Westpac is facing further allegations about child abuse links relating to the anti-money laundering scandal that rocked the Australian bank late last year.

Regulatory body Austrac has warned Westpac that it may up its statement of claim against the bank after an investigation uncovered evidence that an additional 272 customers may have used loopholes in the bank's money transfer systems to engage in child exploitation. This is 23 times higher than the initial suspicions raised relating to 12 cases of transactions made to known paedophile networks in the Philippines and South East Asia.

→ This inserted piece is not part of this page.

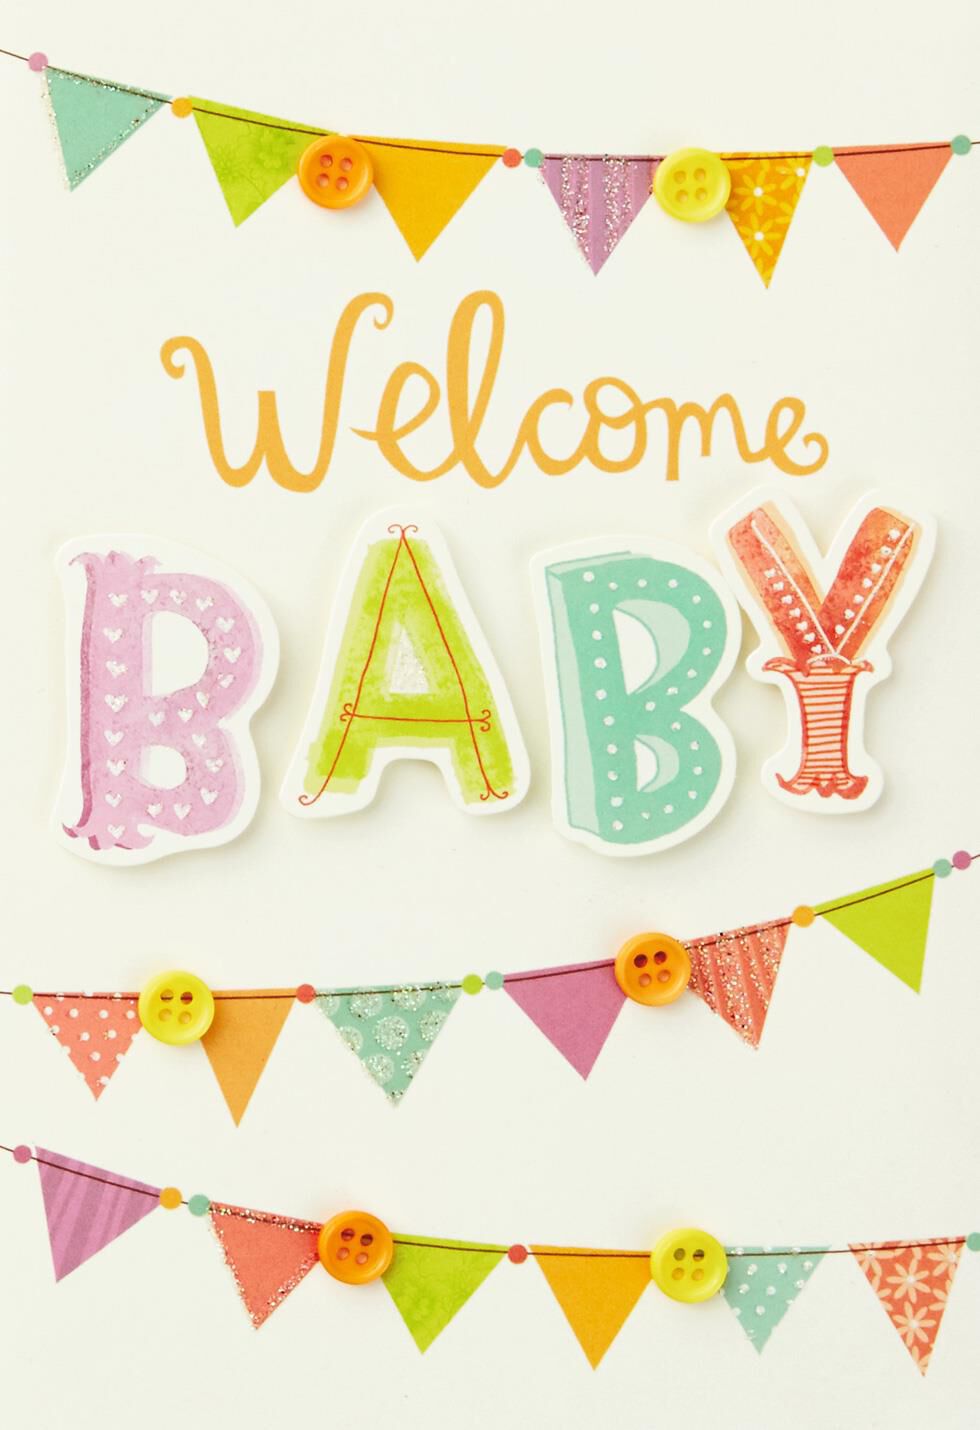 welcome-new-baby-card-greeting-cards-hallmark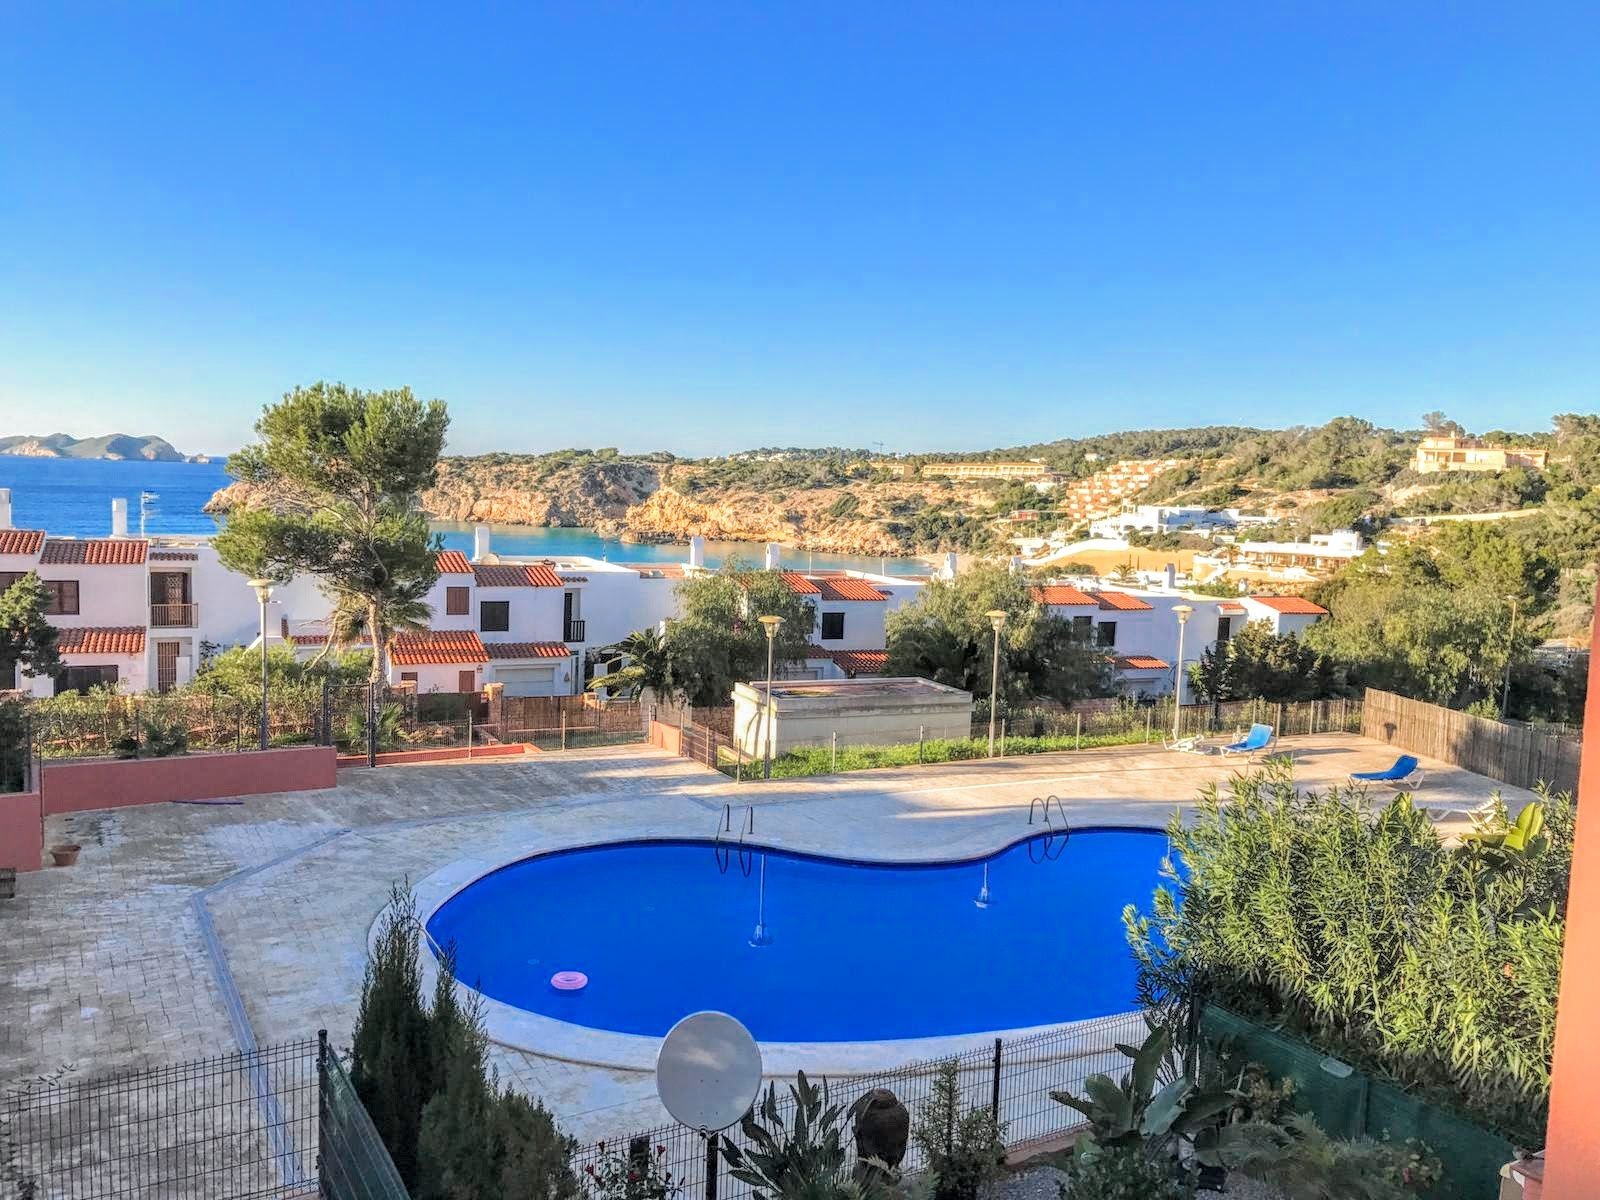 Well maintained apartment in Cala Tarida, right on the beach.

Westpac earlier this month blamed the failure of its anti money laundering (AML) processes on a mixture of technology and human error rather than any intentional wrongdoing, according to a report commissioned by the bank's former chairman Lindsay Maxsted.

The problem was highlighted in November when Westpac was hit with legal action by Austrac, the country's AML and terrorism financing watchdog, over its lax practices. The regulator found that Westpac had breached its reporting obligatons on 23 million transactions, forcing the bank to set aside $900m in case of legal liability.

The subsequent investigation noted a high turnover of staff and some problems with IT projects at a time of rapid change in financial technology. Many of these problems centred on the reporting of international funds transfer transactions and the lack of a reconciliation system to pick up any reporting errors.

Alongside the worrying child abuse claims, Austrac is also widening the scope of its penal process to include filing failures related to an estimated 60-90,000 Threshold Transaction Reports (TTR), far higher than the the late reporting of 17,870 TTRs that were the subject of the initial claim.